You may have noticed another unfamiliar operator above, the double colon (::). This is used to specify the package from which we want to pull a function. Until now, we haven’t needed this, but as your code grows and the number of libraries you’re using increases, it’s likely that multiple functions across several different packages will have the same name (a phenomenon called “overloading”). R has no automatic way of knowing which package contains the function you are referring to, so using double colons lets us specify it explicitly. It’s important to be able to do this, since different functions with the same name often do markedly different things.

Let’s explore a few other examples of how we can use dplyr and pipes to manipulate our dataframe.

nsbs_matched_2021 %>% slice(1:5) #selects rows 1 to 5 in the dplyr way
# Take nsbs_matched_2021 AND THEN slice rows 1 through 5.

#We can also use multiple pipes.
nsbs_matched_2021 %>%
  distinct(detectedby) %>% nrow #number of arrays that detected my fish in dplyr!
# Take nsbs_matched_2021 AND THEN select only the unique entries in the detectedby column AND THEN count them with nrow.

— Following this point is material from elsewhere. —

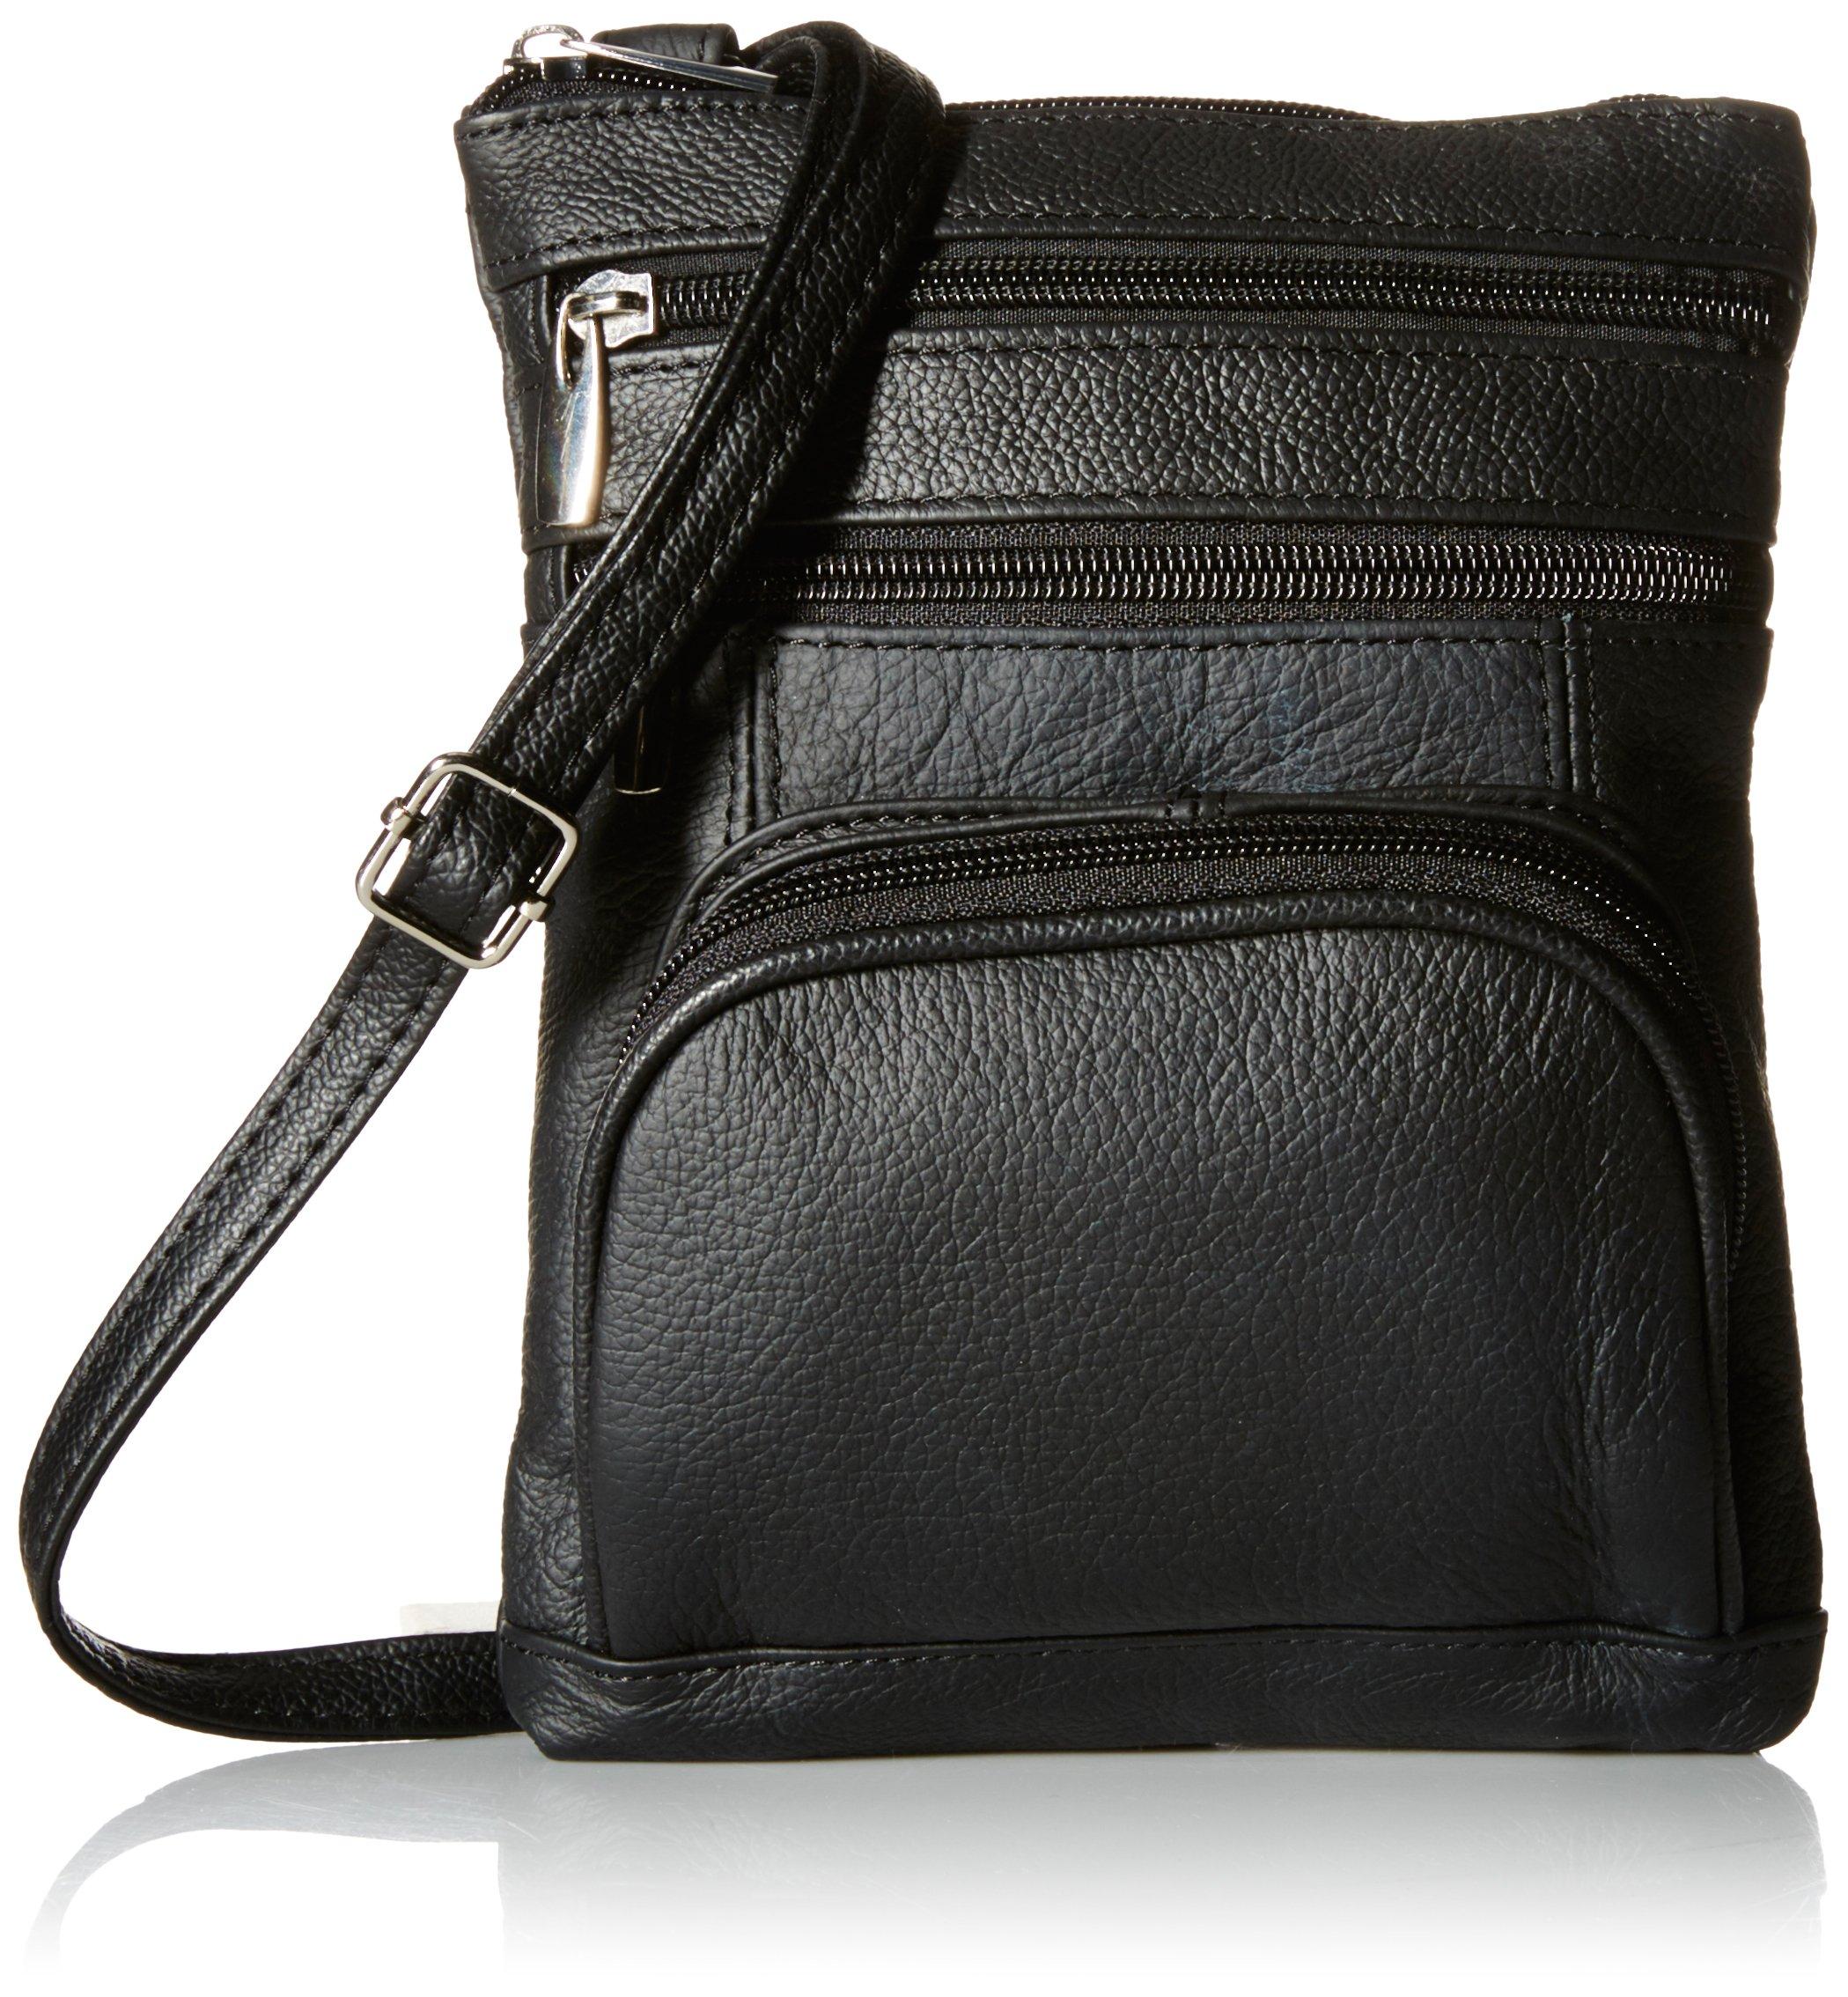 Roma Leathers Genuine Leather Multi Pocket Crossbody Bag (Black)
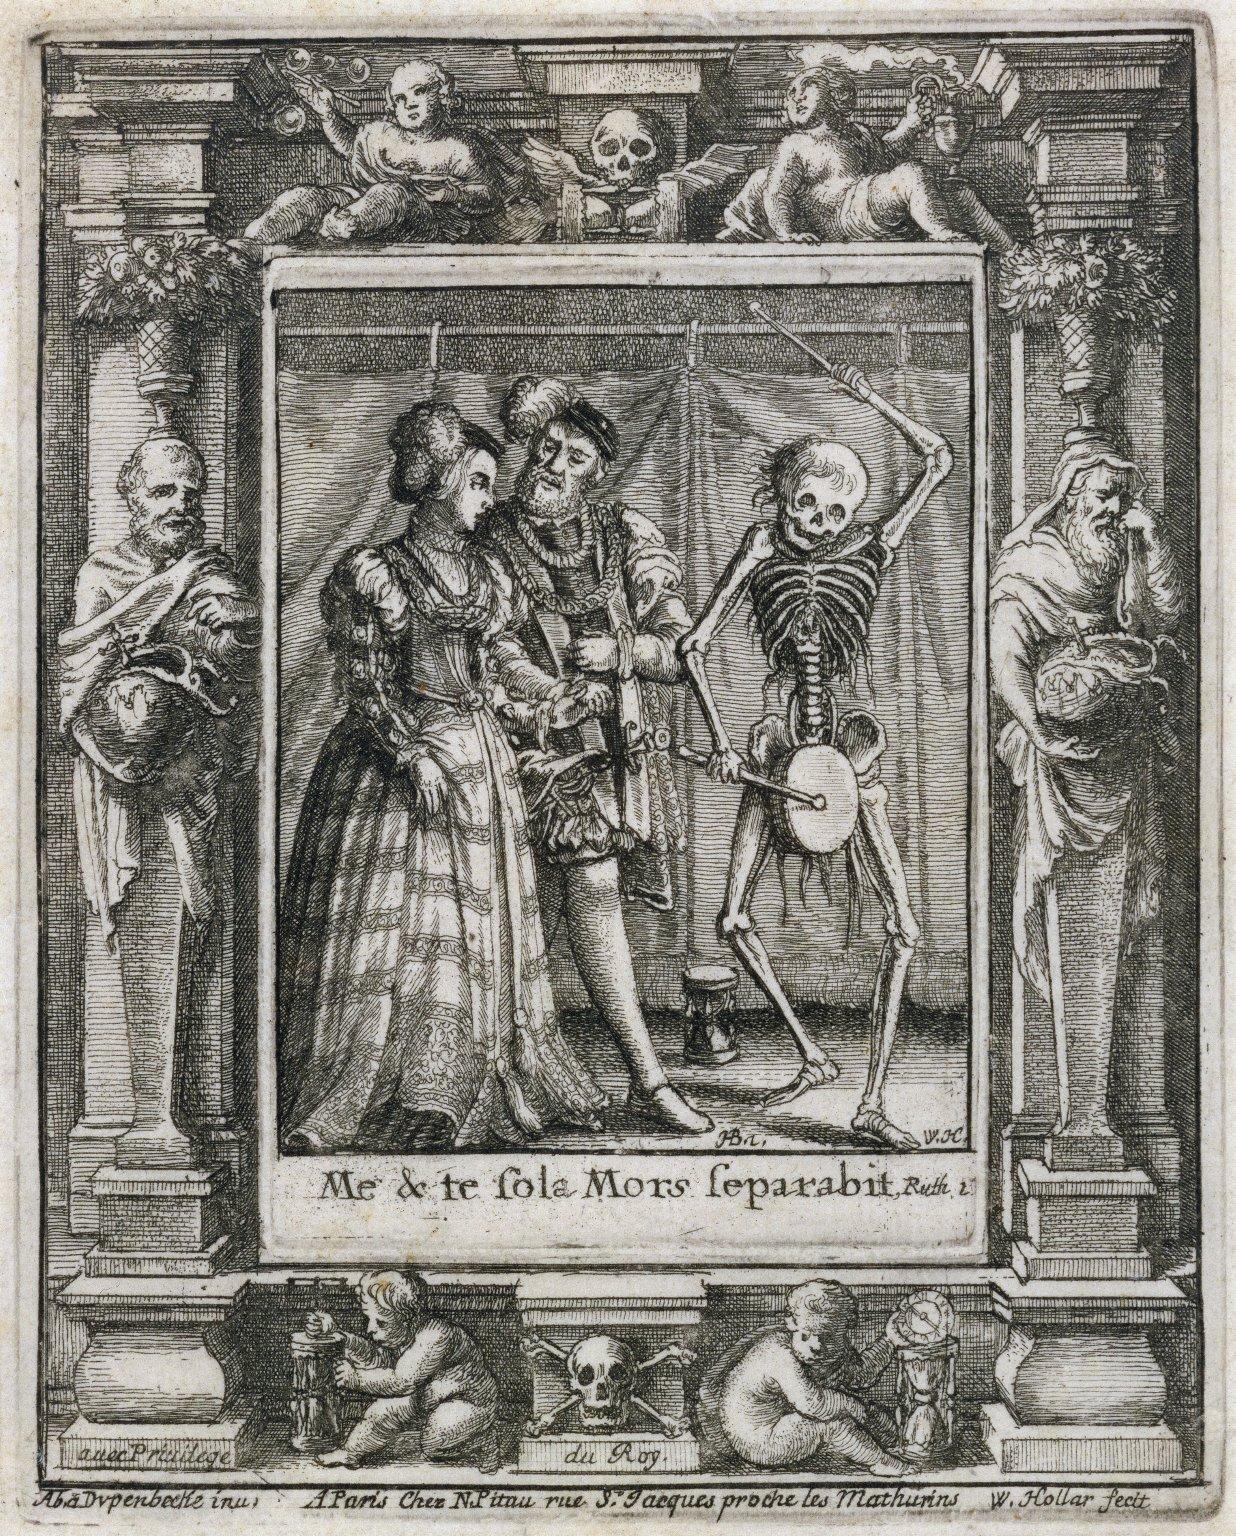 Me & te sola mors separabit, Ruth 2 [graphic] / H.B. i. [center plate] ; W.H. [center plate] ; Ab. à Dvpenbeché inu. [border] ; W. Hollar fecit [border].

#We can do the same as above with other columns too.
nsbs_matched_2021 %>%
  distinct(catalognumber) %>%
  nrow #number of animals that were detected
# Take nsbs_matched_2021 AND THEN select only the unique entries in the catalognumber column AND THEN count them with nrow.

#We can use filtering to conditionally select rows as well.
nsbs_matched_2021 %>% filter(catalognumber=="NSBS-1393332-2021-08-05")
# Take nsbs_matched_2021 AND THEN select only those rows where catalognumber is equal to the above value.

nsbs_matched_2021 %>% filter(monthcollected >= 10) #all dets in/after October of 2016
# Take nsbs_matched_2021 AND THEN select only those rows where monthcollected is greater than or equal to 10.

These are all ways to extract a specific subset of our data, but dplyr can also be used to manipulate dataframes to give you even greater insights. We’re now going to use two new functions: group_by, which allows us to group our data by the values of a single column, and summarise (not to be confused with summary above!), which can be used to calculate summary statistics across your grouped variables, and produces a new dataframe containing these values as the output. These functions can be difficult to grasp, so don’t forget to use ?group_by and ?summarise if you get lost.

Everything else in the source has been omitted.